Fix Chinese polyphone (多音字) mispronunciation in TTS by auto-detecting ambiguous characters and applying pinyin annotations. Use when users complain about wro...
---
name: senseaudio-polyphone-tts
description: Fix Chinese polyphone (多音字) mispronunciation in TTS by auto-detecting ambiguous characters and applying pinyin annotations. Use when users complain about wrong pronunciation, need precise tone control, or are synthesizing text with characters like 行/干/量/好/了/得/地/的/着/过. Triggers on "读音不对", "这个字读错了", "多音字", "标注拼音", "银行行长", "绕口令", or any request to correct TTS pronunciation.
metadata:
openclaw:
requires:
env:
- SENSEAUDIO_API_KEY
bins:
- curl
- jq
- xxd
primaryEnv: SENSEAUDIO_API_KEY
homepage: https://senseaudio.cn
compatibility:
required_credentials:
- name: SENSEAUDIO_API_KEY
description: API key from https://senseaudio.cn/platform/api-key
env_var: SENSEAUDIO_API_KEY
---
# SenseAudio Polyphone TTS (多音字)
Precise pronunciation control for Chinese TTS via pinyin annotation.
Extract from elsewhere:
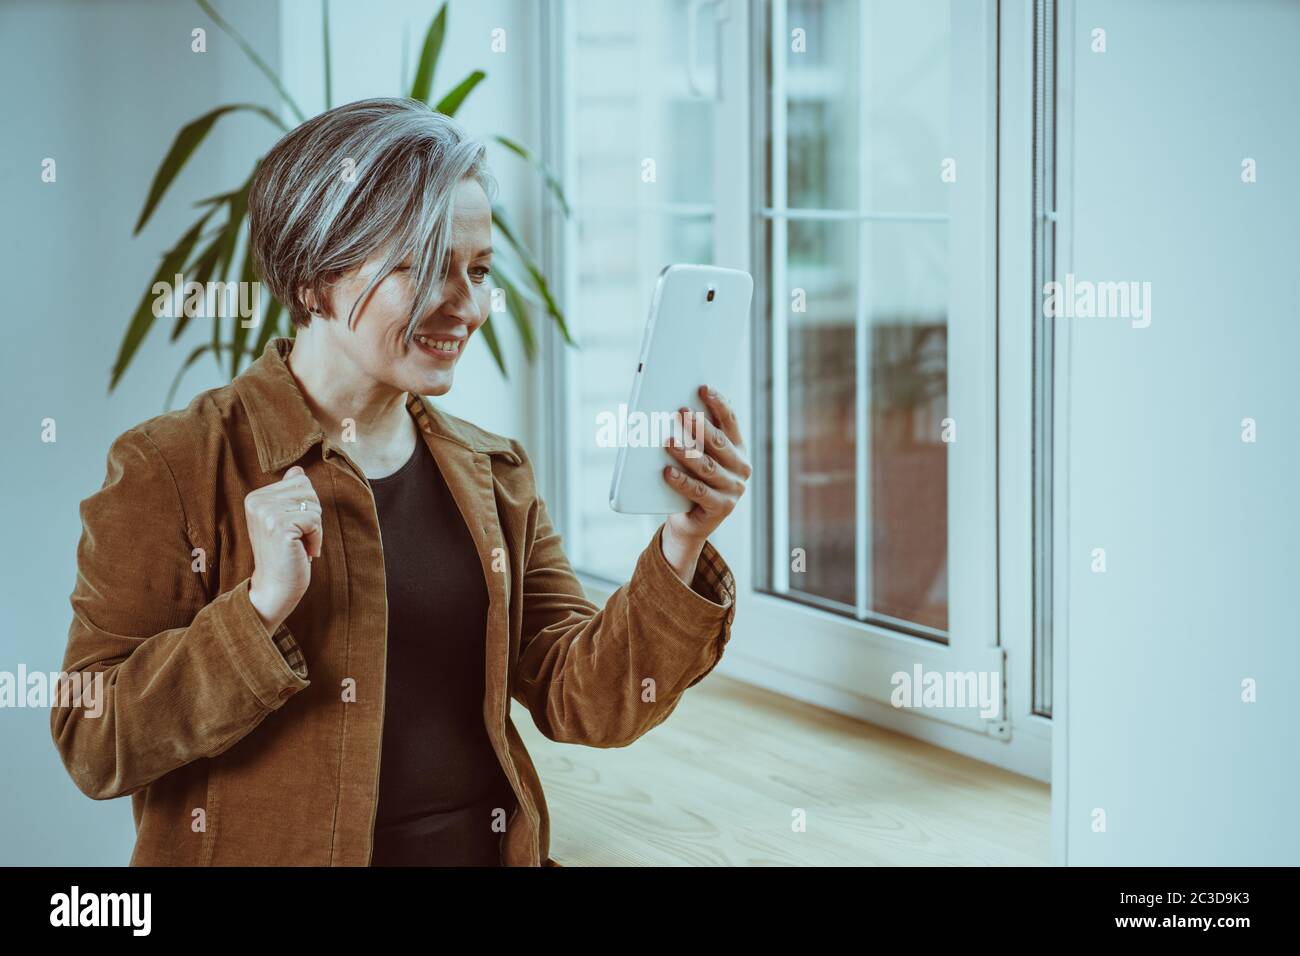 Schöne reife Frau kommuniziert online auf digitalen Tablet. Silberhaarige Frau lächelt beim Sprechen, während sie neben dem Fenster steht. Getöntes Bild Stockfoto

The `dictionary` parameter lets you override how specific characters are read — essential for polyphones (多音字) that the model might guess wrong.
> The `dictionary` parameter only works with **cloned voices** and **model `SenseAudio-TTS-1.5`**. System voices (male_0004_a etc.) do not support it.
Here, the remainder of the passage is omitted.